TASK BRIEF — Restate all the lines below word for word, but omit the pictures.

INPUT DATA —

***

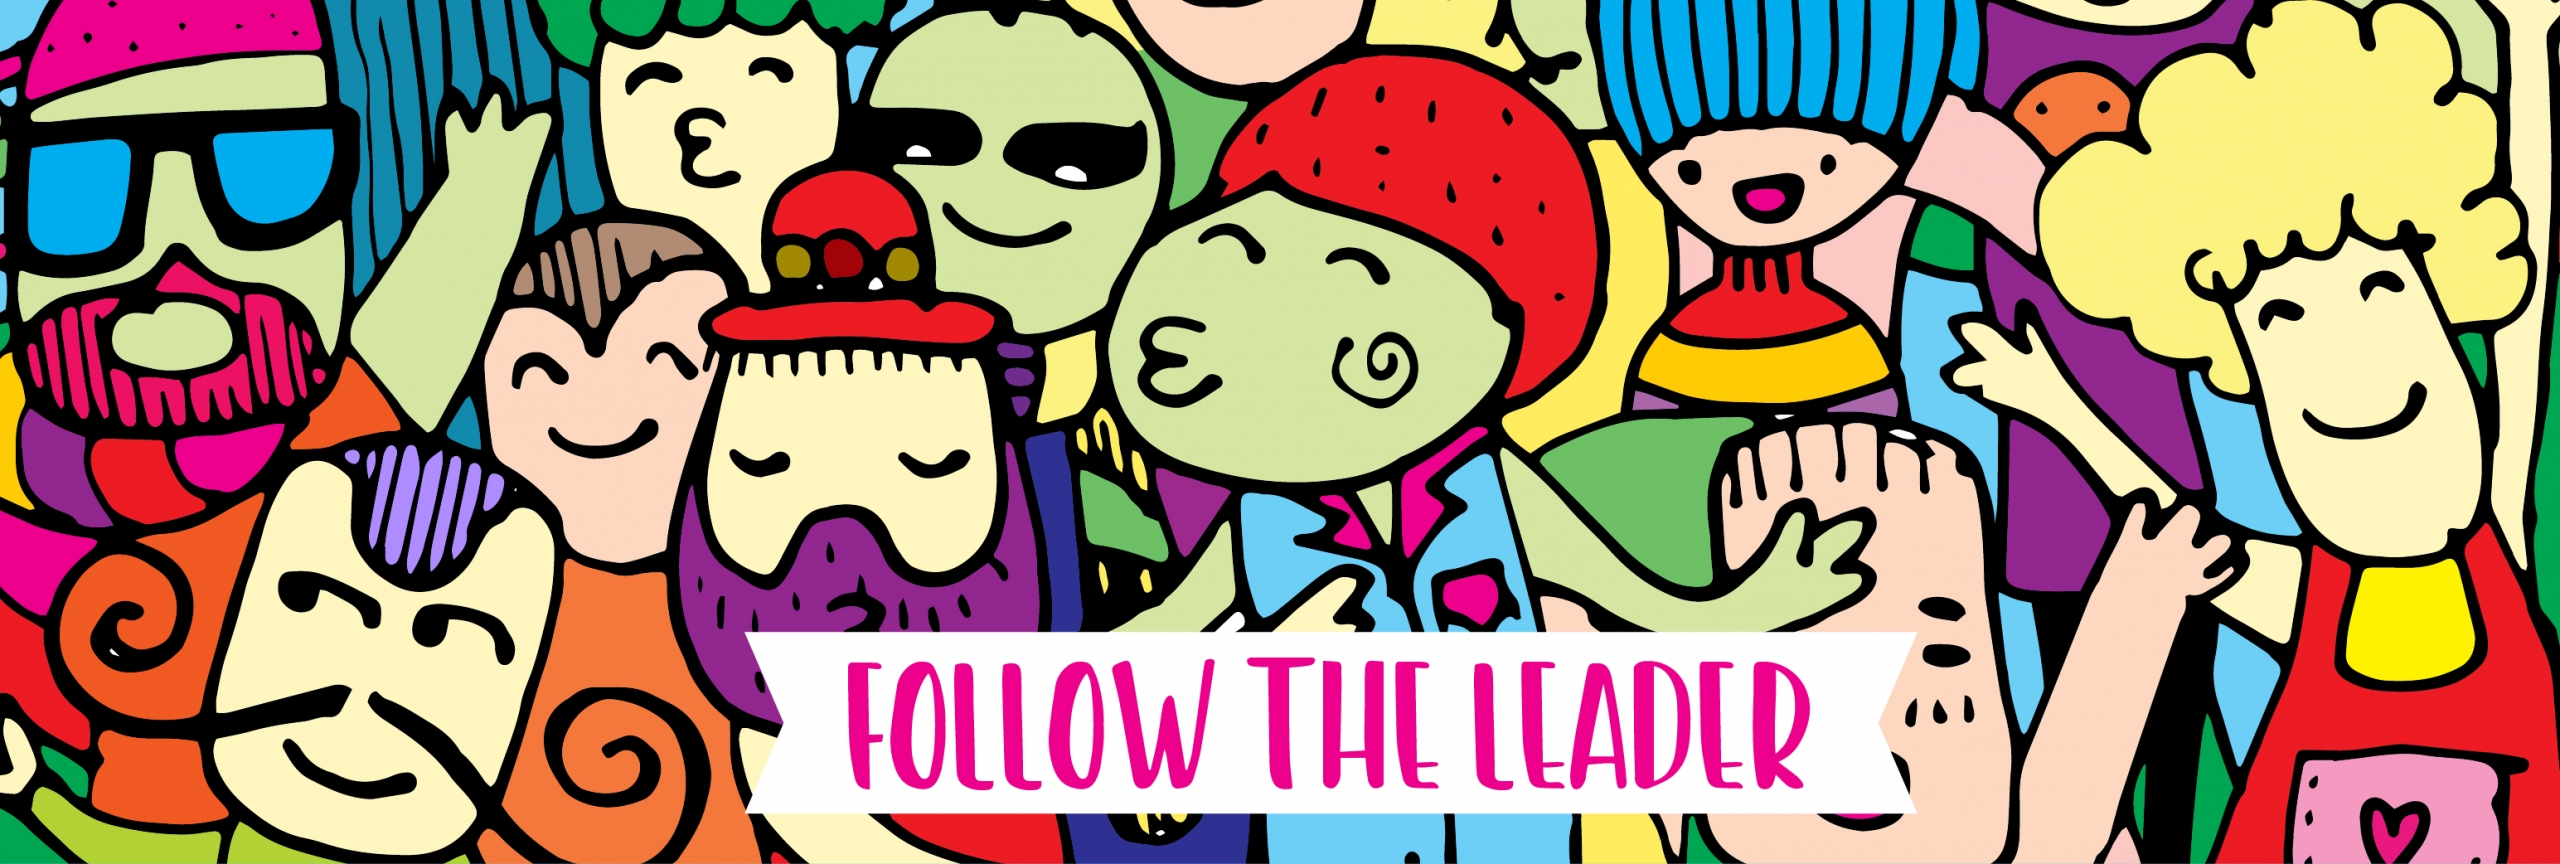 follow the leader children
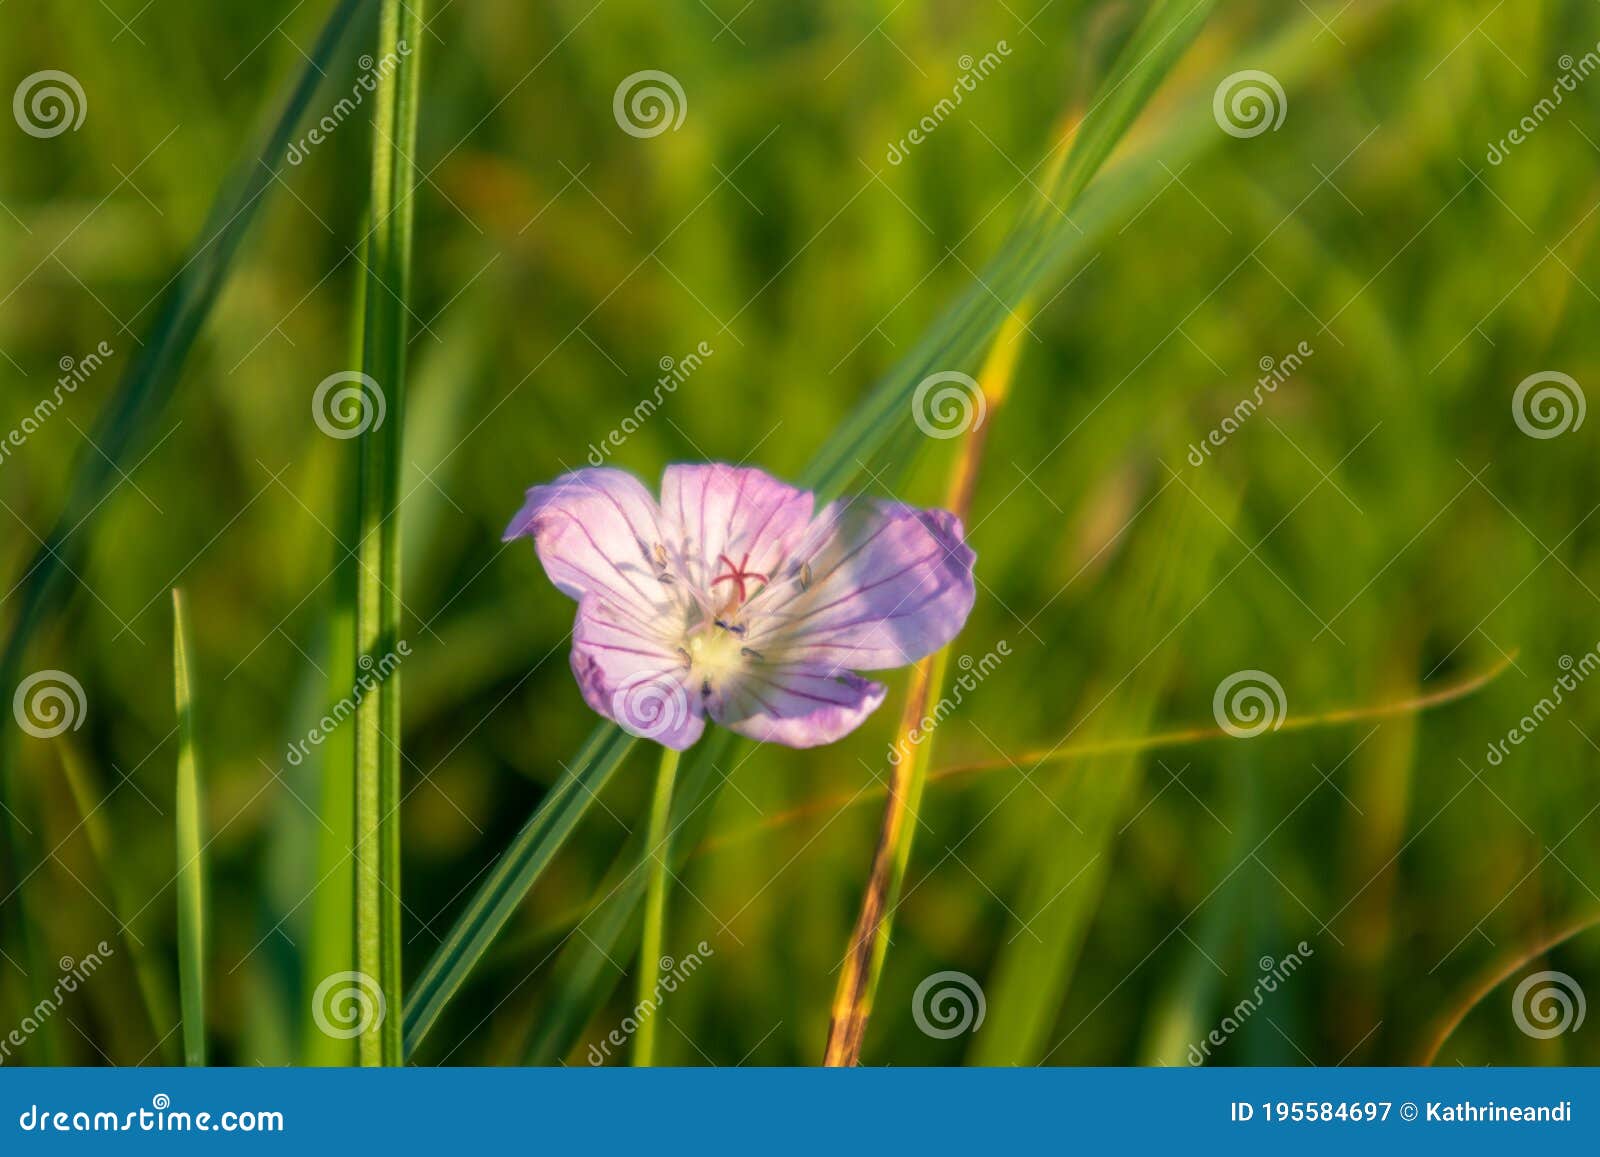 close-up of blooming purple oxalis oregana flower
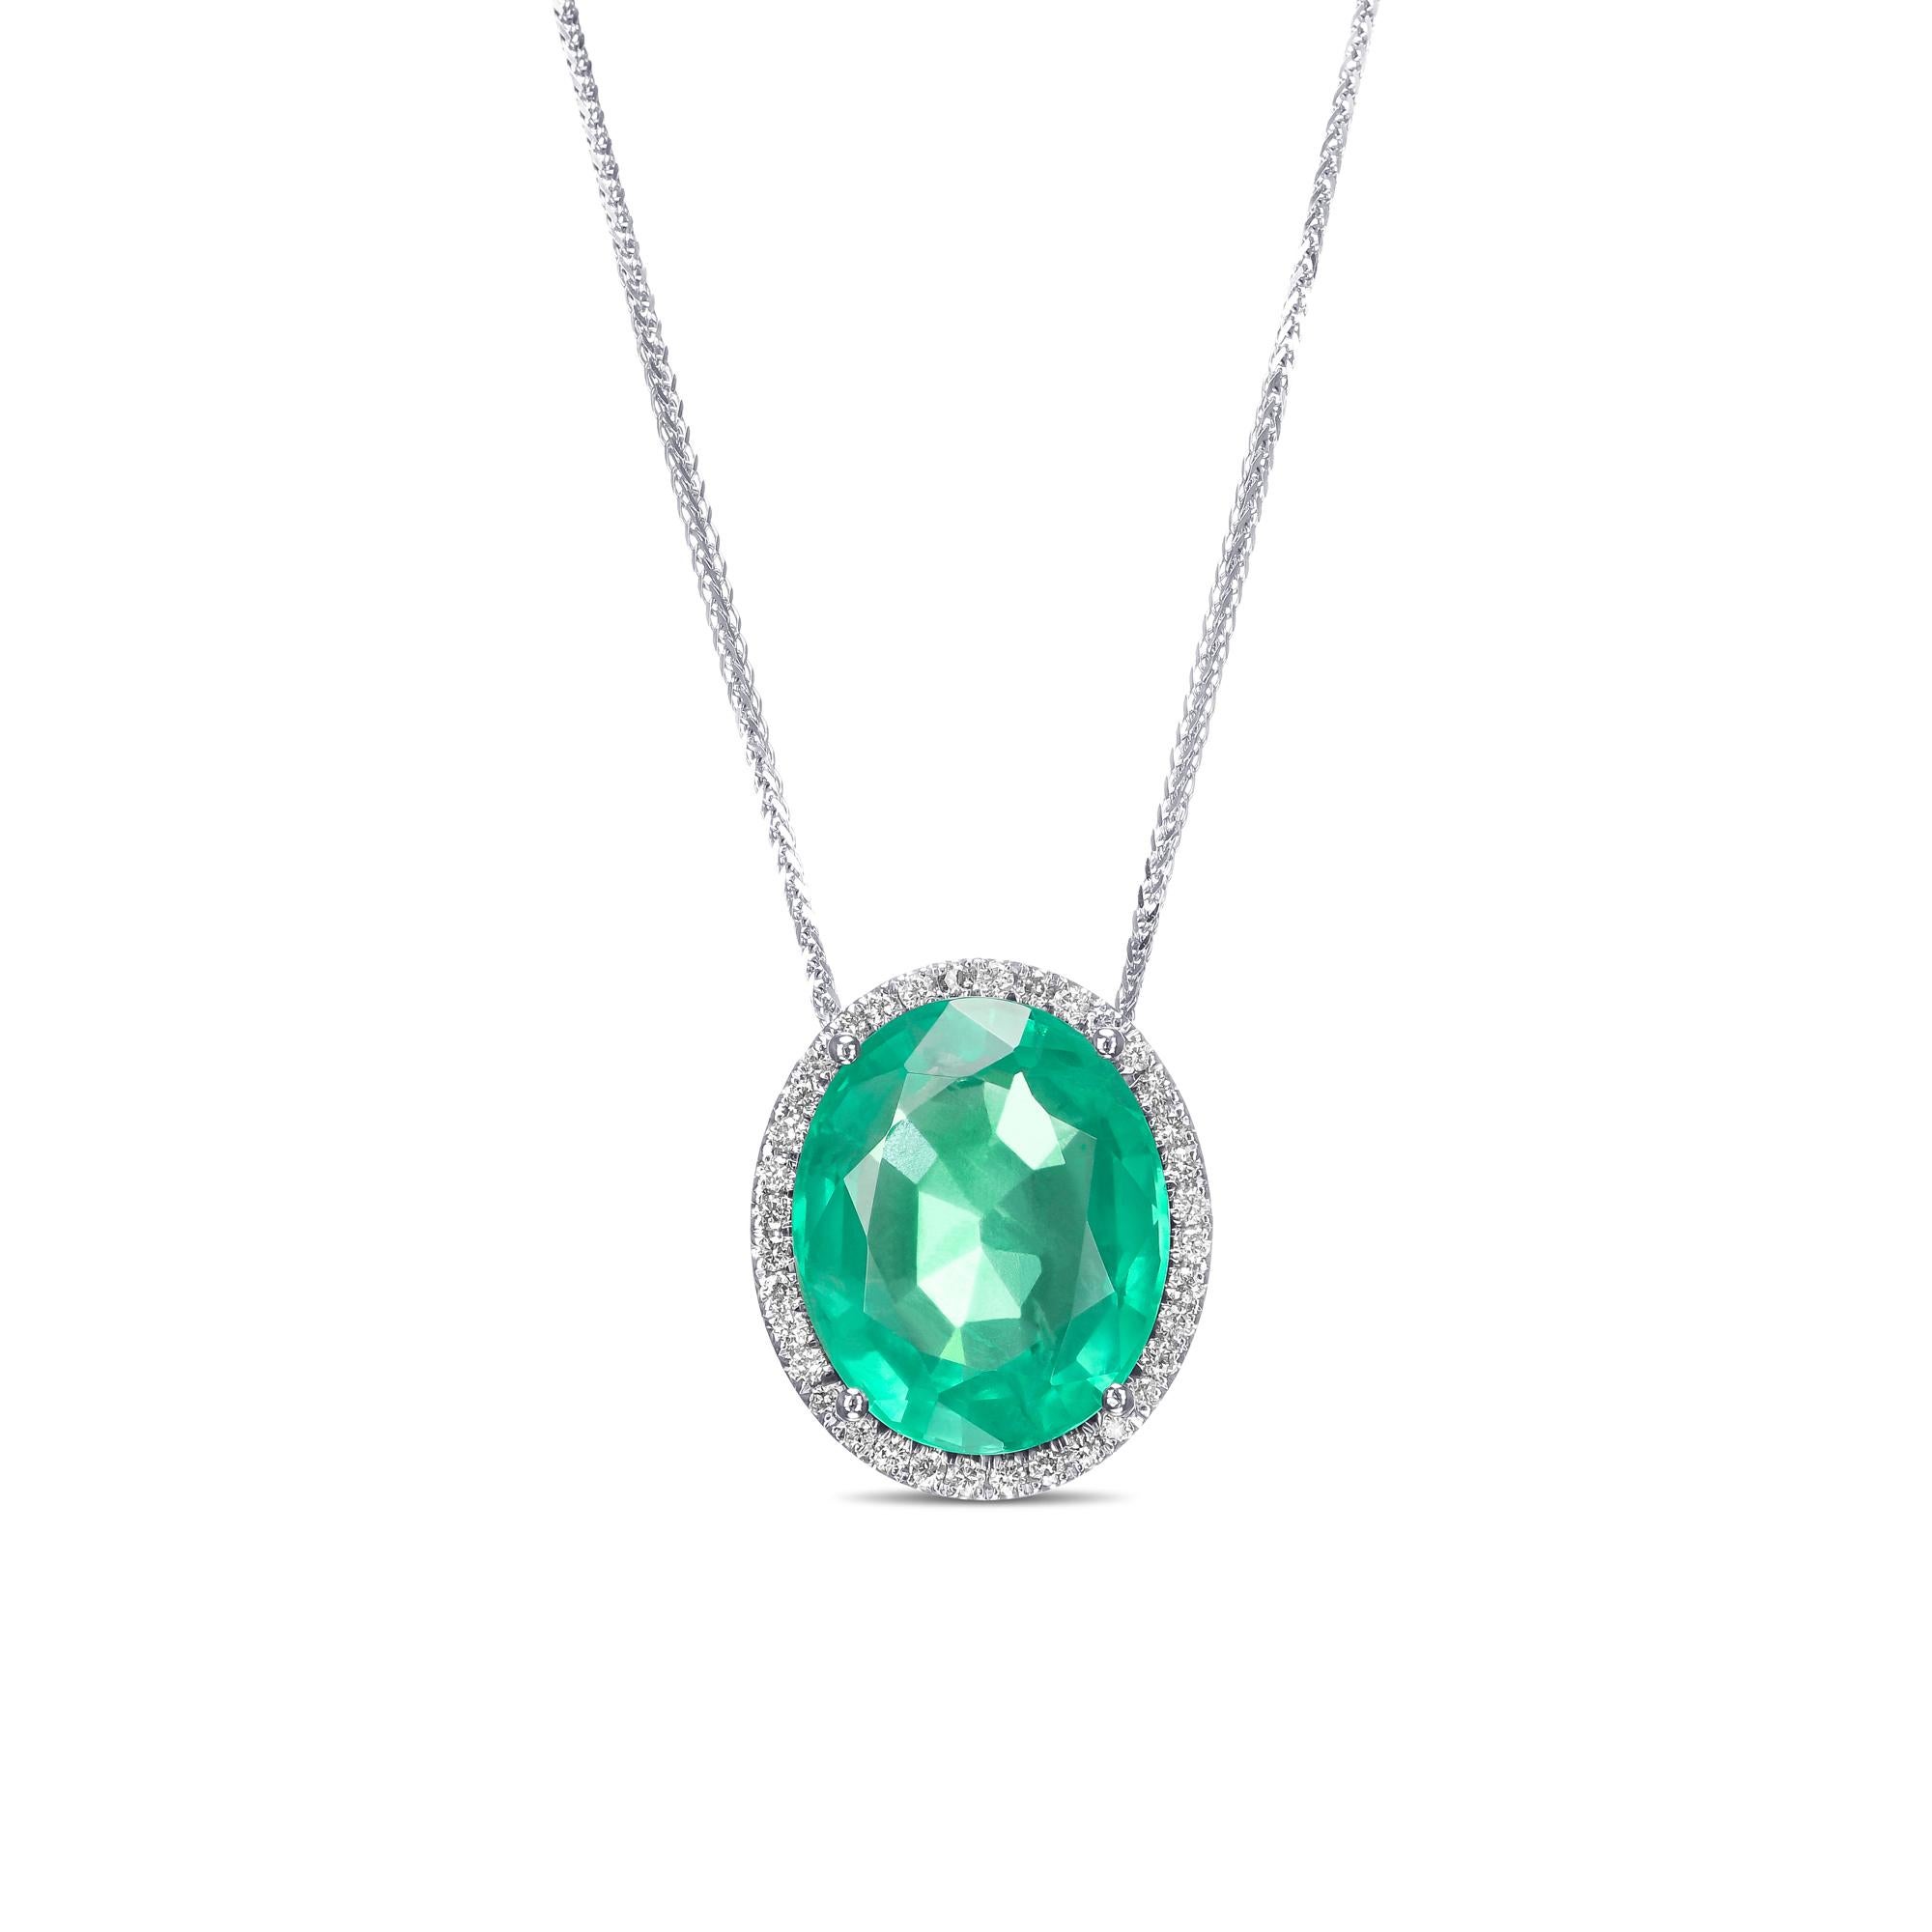 Oval Cut NO RESERVE - 9.90ct Emerald & 0.50cttw Diamonds, 14K White Gold Necklace

***

EXERCISE RESPONSE —
 follow the leader children
 close-up of blooming purple oxalis oregana flower
 Oval Cut NO RESERVE - 9.90ct Emerald & 0.50cttw Diamonds, 14K White Gold Necklace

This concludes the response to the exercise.